A contrario, les dispositions suivantes ont constitué un handicap sérieux pour la gestion durable des ressources forestières:

- monopole de l’Etat dans les domaines de la commercialisation des bois, de la sylviculture et constitution des forêts;

- octroi des permis de bois d’œuvre;

- incompatibilité de la loi foncière (52/83) avec la réalité sur le terrain.

4.3 Période de 1990 à nos jours

C’est la période des grands bouleversements politiques à travers le monde, avec l’abandon des partis uniques et de l’idéologie marxiste - léniniste comme fondement de développement économique.

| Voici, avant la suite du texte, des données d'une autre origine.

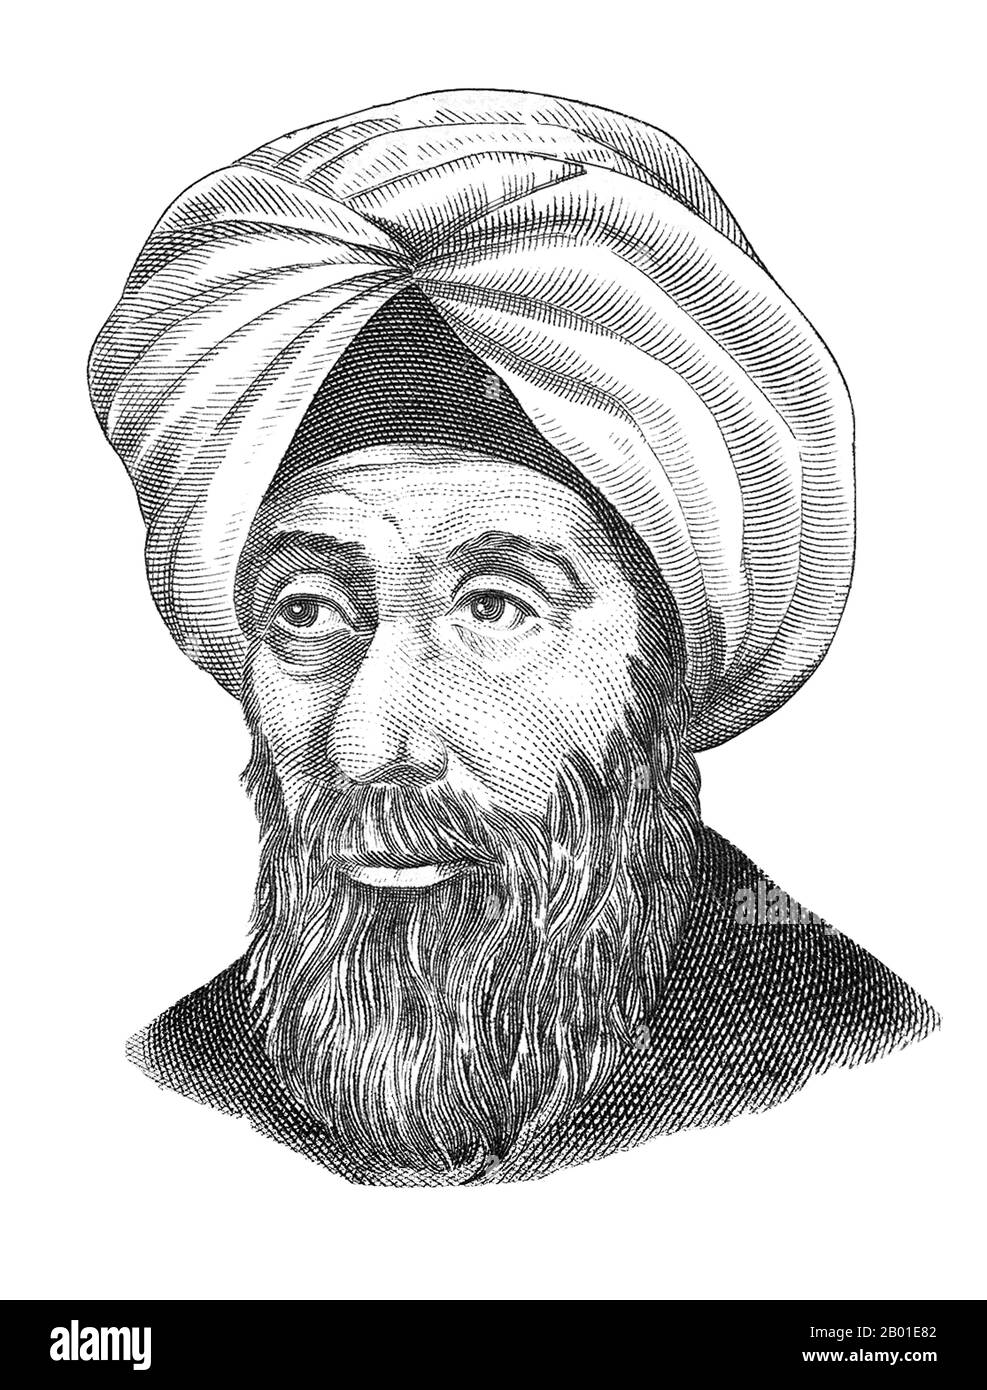 Iraq: Rappresentazione postuma del polymath Ibn al-Haytham, conosciuto nell'Europa medievale come Alhazen o Alhacen (965 - 1040). Di Sopianwar (CC BY-SA 4,0 licenza). Abū ʿAlī al-Ḥasan ibn al-Ḥasan ibn al-Haytham (Latinizzato: Alhacen o Alhazen) è stato uno scienziato e polymath musulmano, persiano o arabo. Viene spesso chiamato Ibn al-Haytham, e talvolta anche al-Basri, dopo la sua nascita nella città di Bassora. Alhazen ha dato un contributo significativo ai principi dell'ottica, alla fisica, all'astronomia, alla matematica, all'oftalmologia, alla filosofia e al metodo scientifico. Foto Stock

On note un renforcement des mesures relatives à la gestion durable dans le nouveau Code Forestier (Loi 16 - 2000 du 20 novembre 2002):

- suppression des permis de bois d’œuvre;

- création de deux services publics, un chargé des inventaires et des aménagements forestiers, l’autre chargé du contrôle des produits forestiers à l’exportation;

- implication davantage des sociétés forestières dans l’aménagement des forêts à travers les conventions d’aménagement et de transformation;

- suppression des monopoles dans l’activité forestière;

- possibilités de création des plantations forestières par des personnes privées;

- obligation de réaliser les études d’impact avant l’exploitation forestière et l’installation des unités de transformation de bois;

- amélioration de la distribution des taxes tirées de l’exploitation des produits forestiers.

- promulgation d’une loi sur l’Environnement qui renforce les dispositions du code forestier et de la loi sur la faune sauvage.

5 - CONTRANTES DE LA GESTION DURABLE DES FORETS

Les travaux de base tels que les inventaires multiressources, le bornage, les photographies aériennes et autres coûtent cher. Le pays n’ayant pas les moyens appropriés est souvent obligé de faire recours aux financements extérieurs.

Par ailleurs, ces activités nécessitent des spécialistes, dont la plupart des Etats n’en disposent pas et font appel à l’expertise étrangère.

La gestion durable implique une certaine continuité dans les programmes et actions à réaliser. Un relai mal assuré annule les efforts antérieurs, d’où rigueur dans la planification et conduite des programmes.

CONCLUSION

Comme nous l’avons dit au début de l’exposé, le monde est divisé en groupes d’intérêts: les uns veulent tirer le maximum de profit de l’exploitation des ressources forestières (au plan économique), dans l’immédiat, les autres prônent une conservation totale; d’autres encore luttent pour une équilibre entre l’exploitation et la conservation, c’est le groupe des modérés.

Nous avons dit également que les taux annuels de déboisement les plus élevés se situent en Afrique et en Amérique du Sud, tandis que les plus bas se trouvent en Europe, en Amérique du Nord et du Centre. Ceci revient à dire que les efforts les plus importants en matière de conservation de la biodiversité doivent être déployés en Afrique et en Amérique du Sud.

Or, ces régions sont malheureusement les plus pauvres en termes d’infrastructures techniques, capacités intellectuelles et technologiques; d’où nécessité de la coopération internationale dans le financement des actions visant la gestion durable des forêts.

A ce sujet, l’O I B T a jeté les bases les plus importantes pour un équilibre assuré entre l’exploitation et la conservation des ressources forestières à l’aménagement forestier durable. Les actions de l’O I B T devraient donc être suivies et soutenues avec une attention particulière.

Mais, l’aide et l’appui de la communauté internationale ne peuvent être efficaces que si les pays détenteurs des ressources forestières réalisent des efforts substantiels dans la mobilisation de leurs ressources propres dans le financement de la gestion durable des forêts.